## Data extract
┏━━

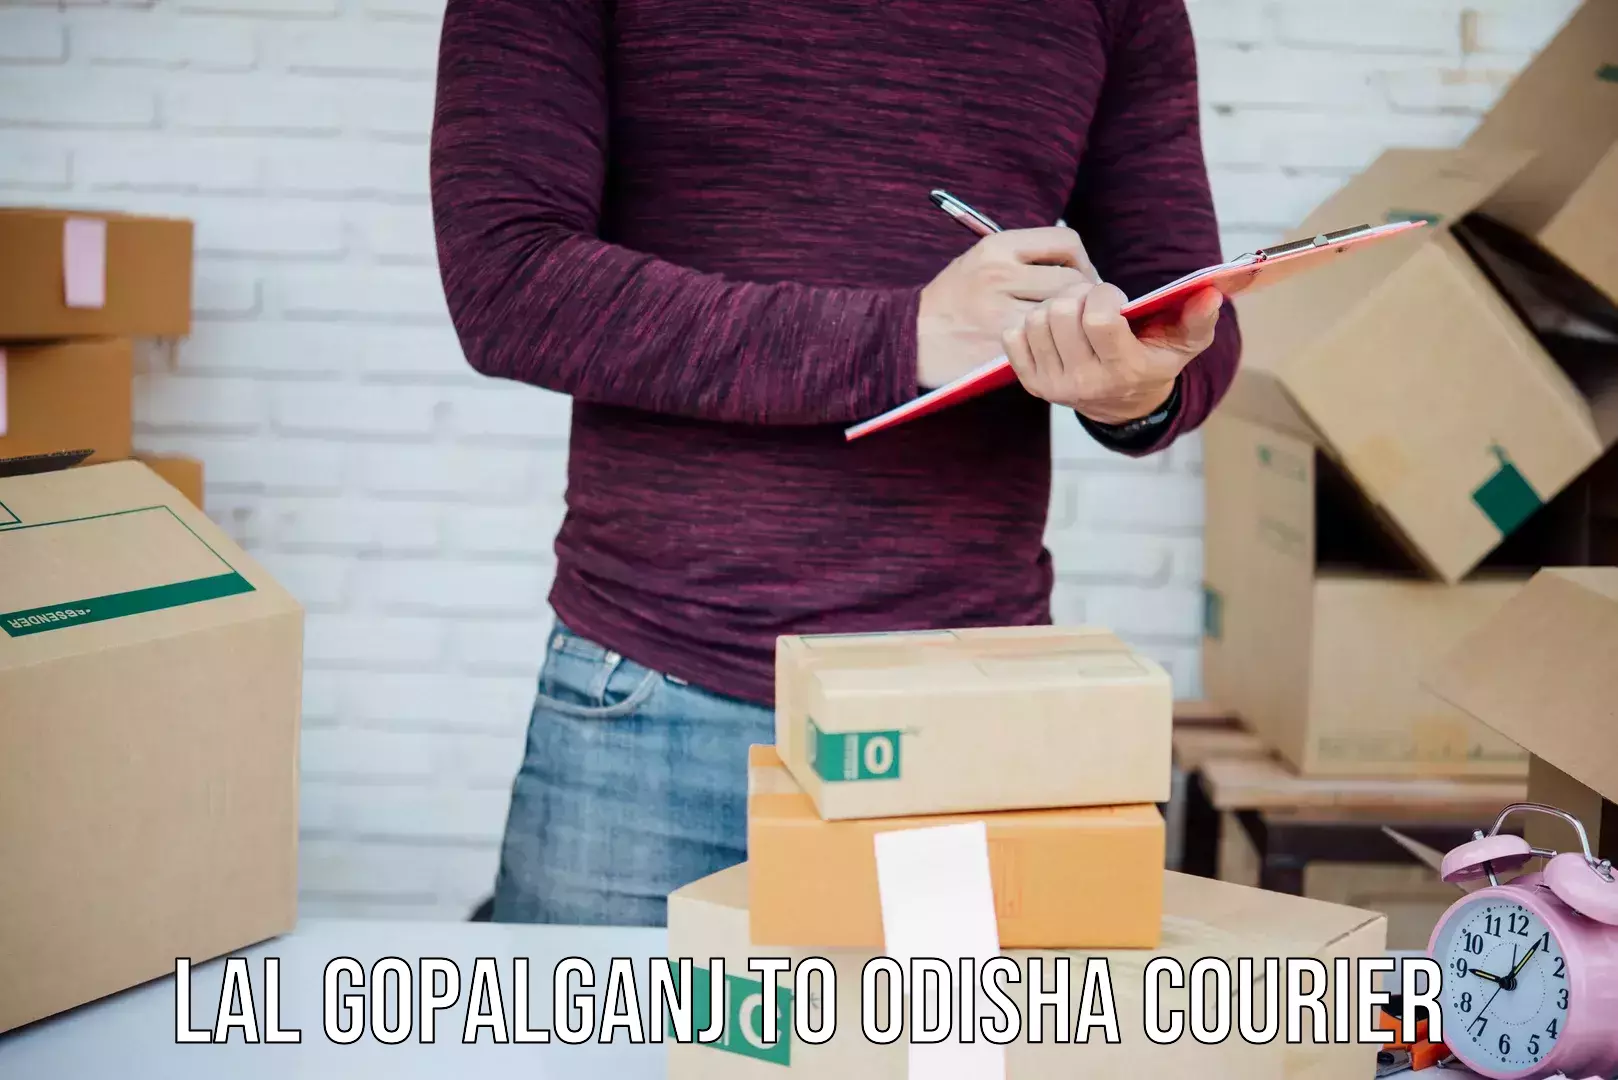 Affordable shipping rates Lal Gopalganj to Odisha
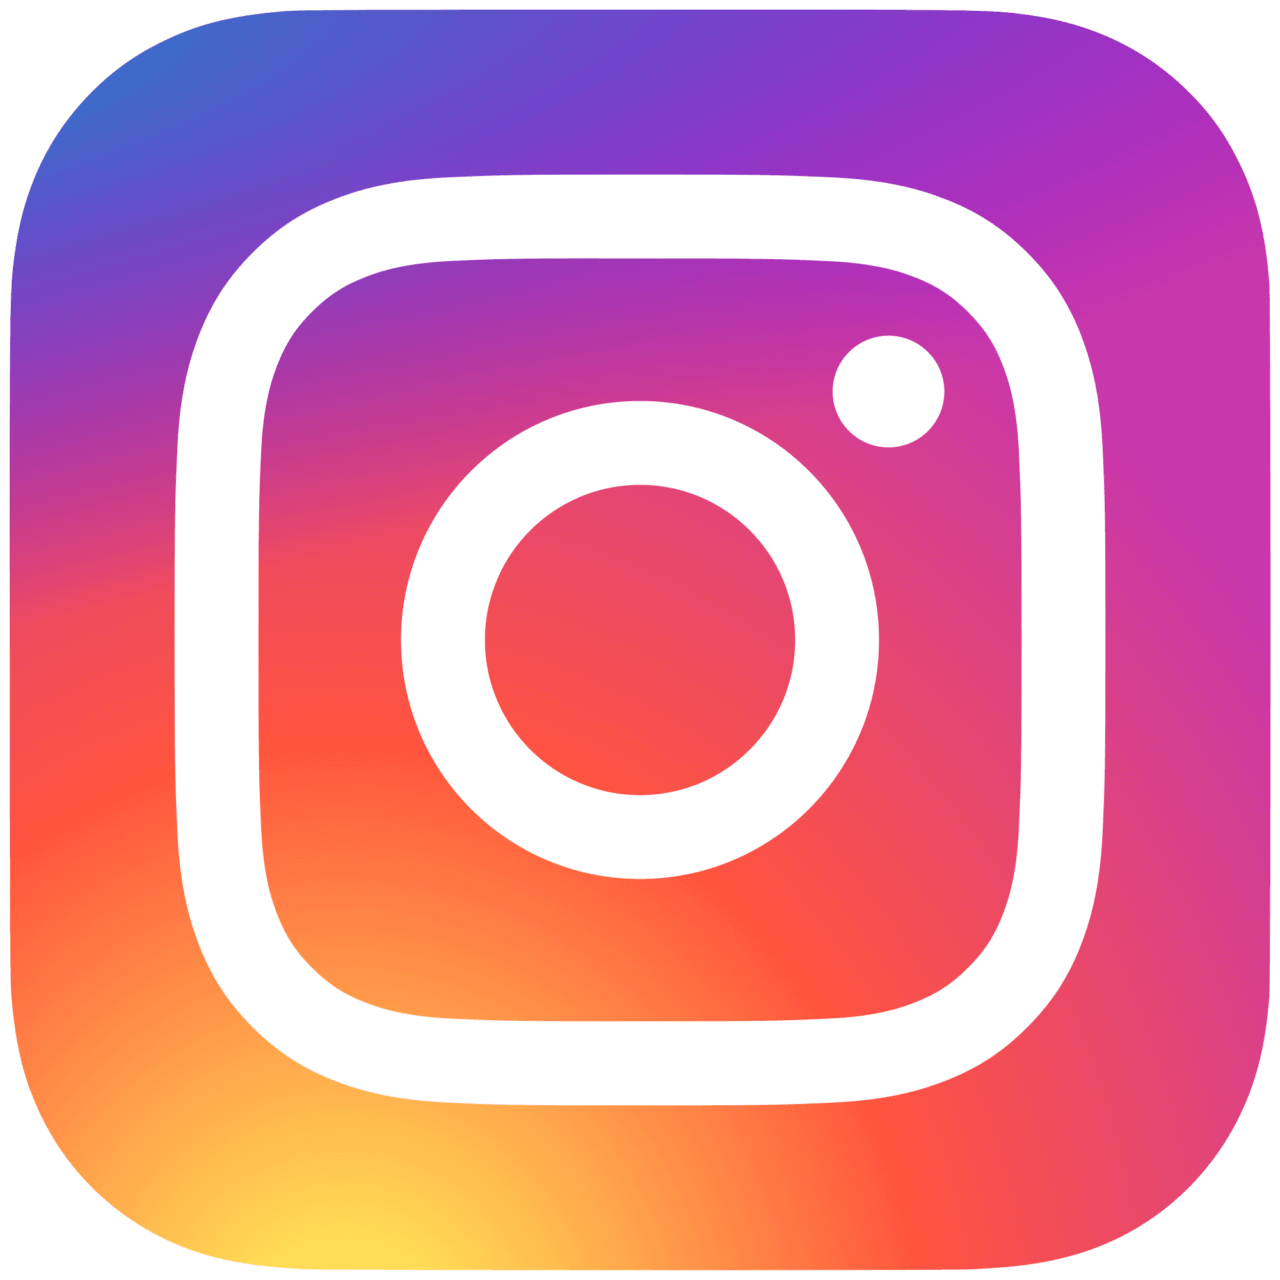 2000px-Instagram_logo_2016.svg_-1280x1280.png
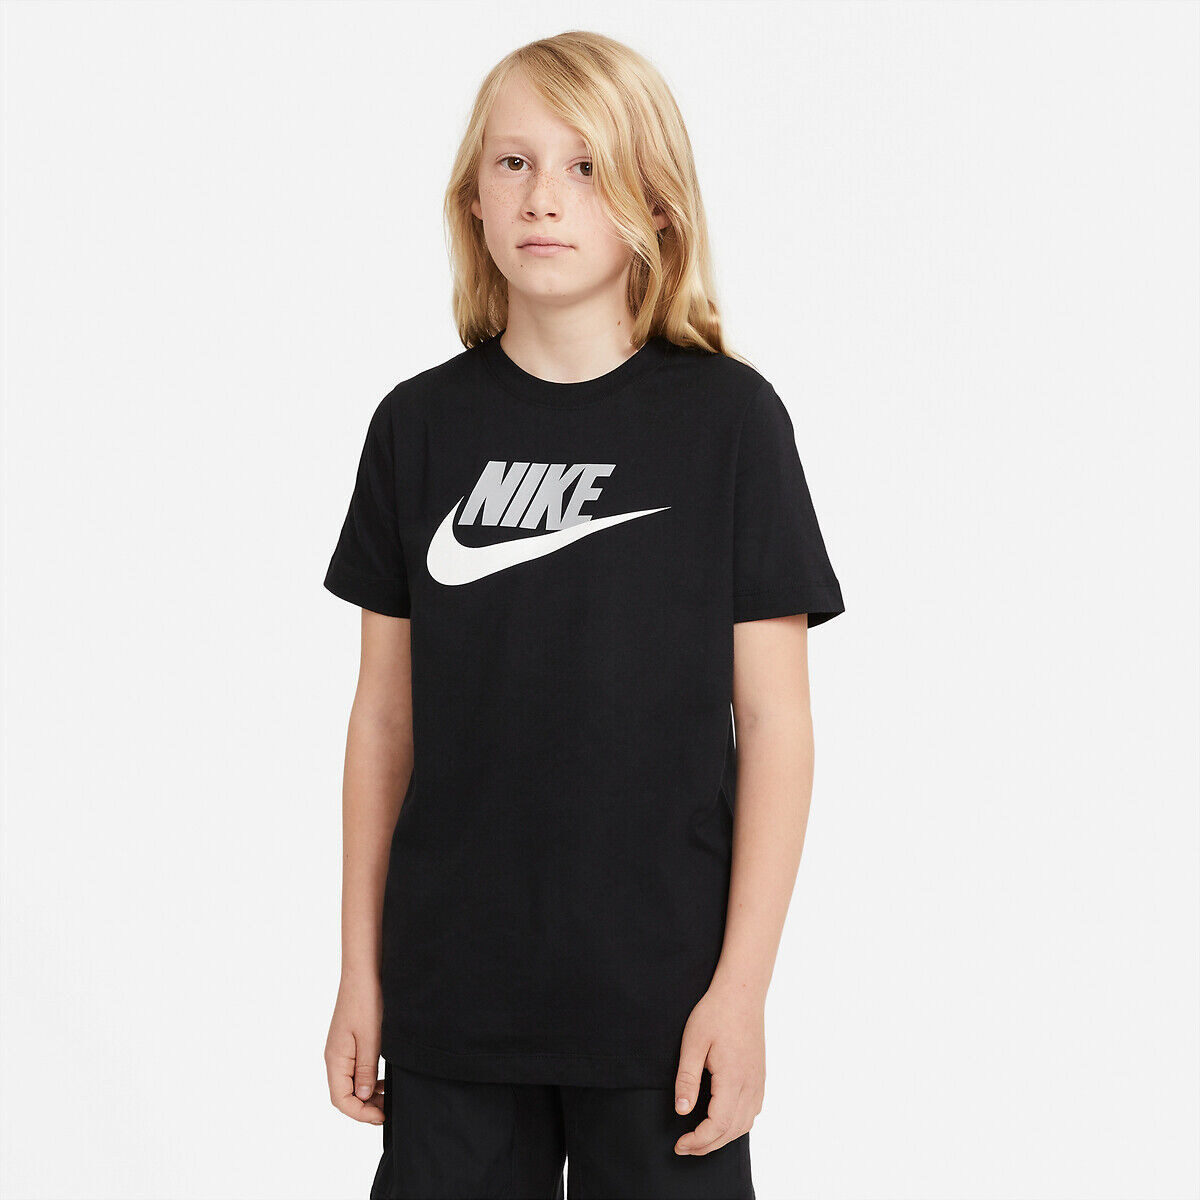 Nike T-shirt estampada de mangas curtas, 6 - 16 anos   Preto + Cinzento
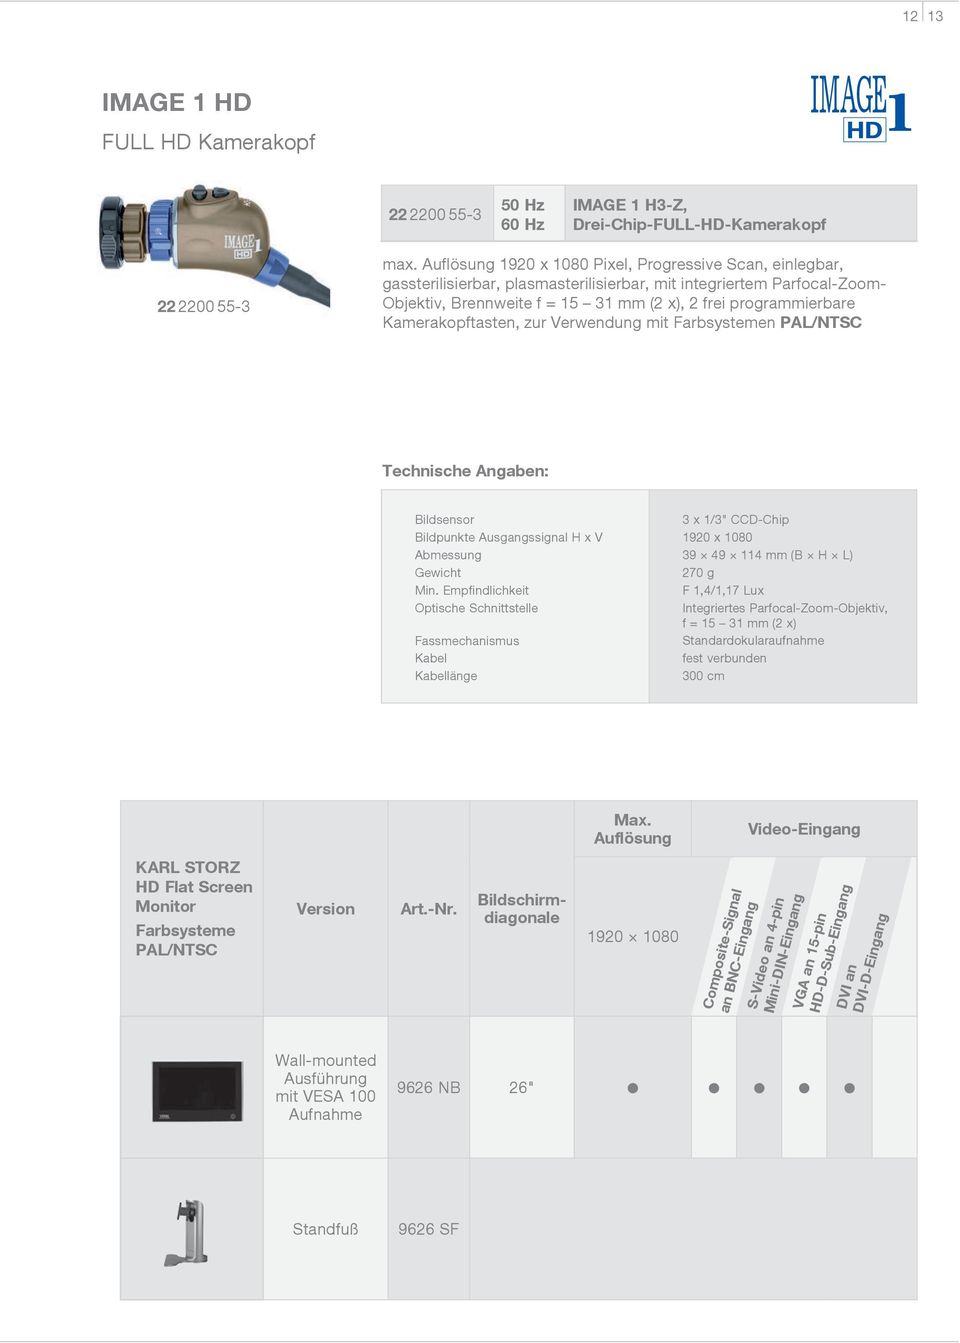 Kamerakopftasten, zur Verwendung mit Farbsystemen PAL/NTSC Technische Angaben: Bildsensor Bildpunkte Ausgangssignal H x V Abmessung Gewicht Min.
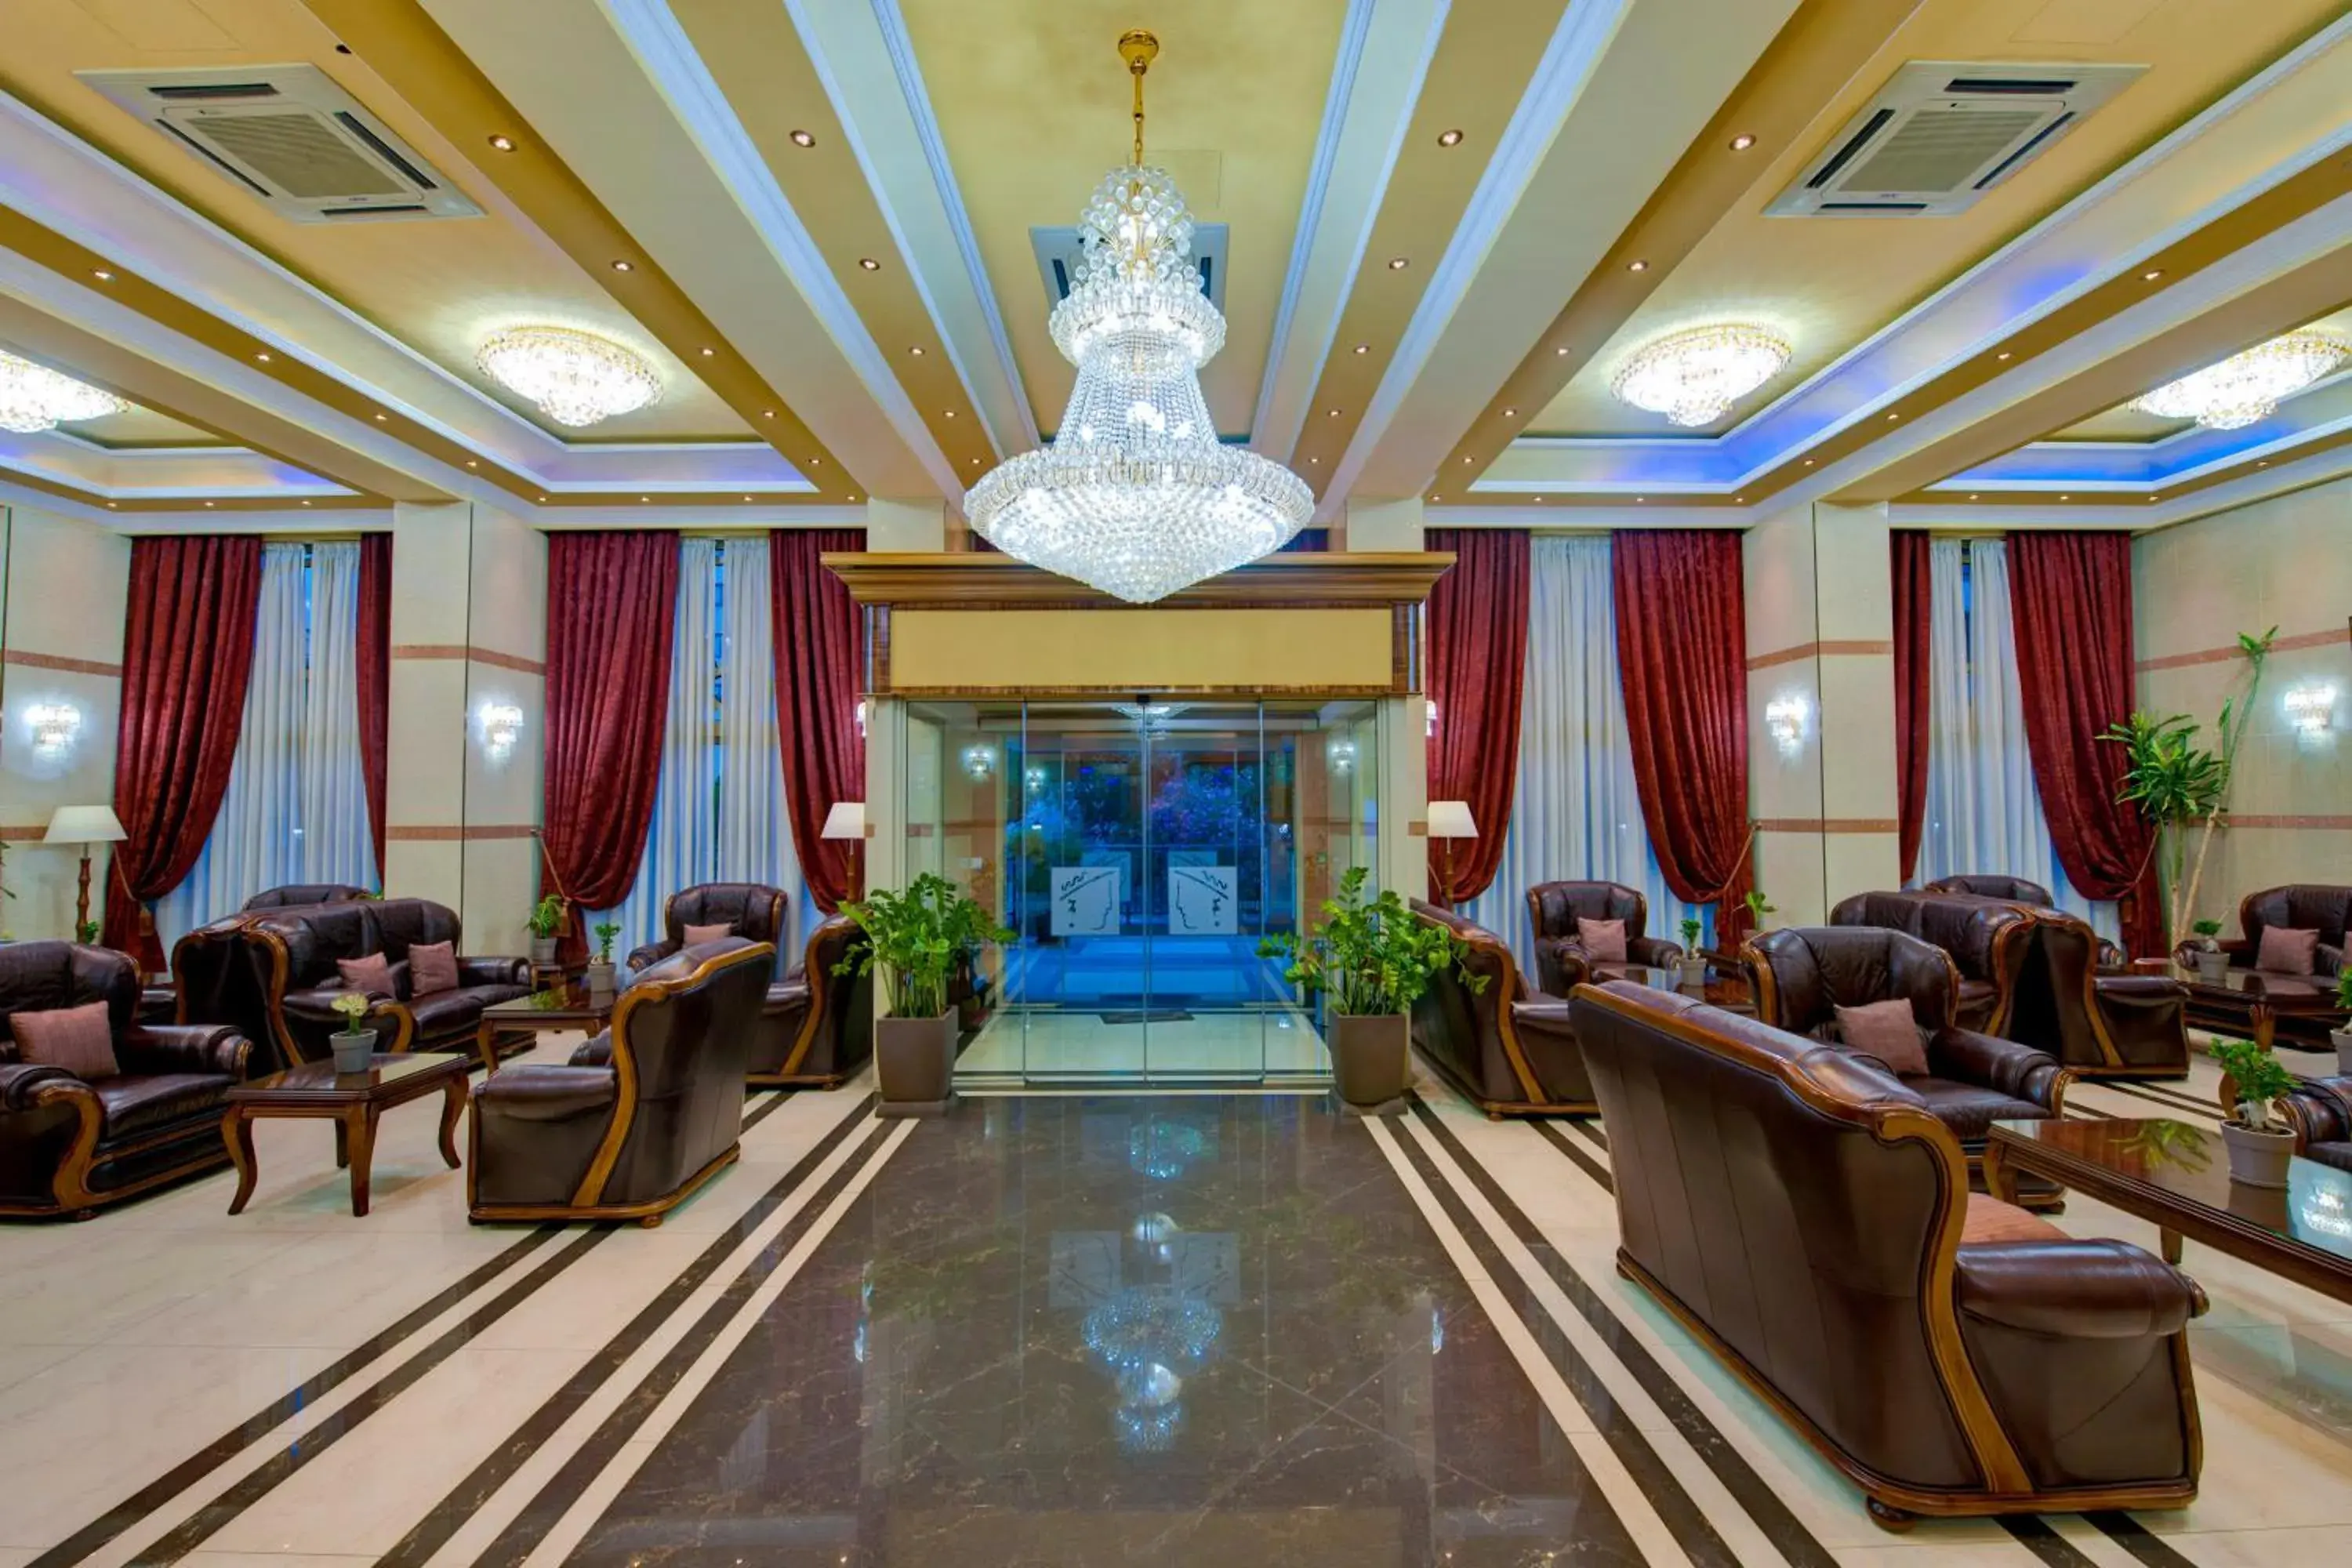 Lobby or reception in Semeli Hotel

┗━━

## Exercise brief
The listing must be returned in full and exactly, apart from its pictures.

## Task result
 Affordable shipping rates Lal Gopalganj to Odisha
 2000px-Instagram_logo_2016.svg_-1280x1280.png
 Nike T-shirt estampada de mangas curtas, 6 - 16 anos   Preto + Cinzento
 Kamerakopftasten, zur Verwendung mit Farbsystemen PAL/NTSC Technische Angaben: Bildsensor Bildpunkte Ausgangssignal H x V Abmessung Gewicht Min.
 Lobby or reception in Semeli Hotel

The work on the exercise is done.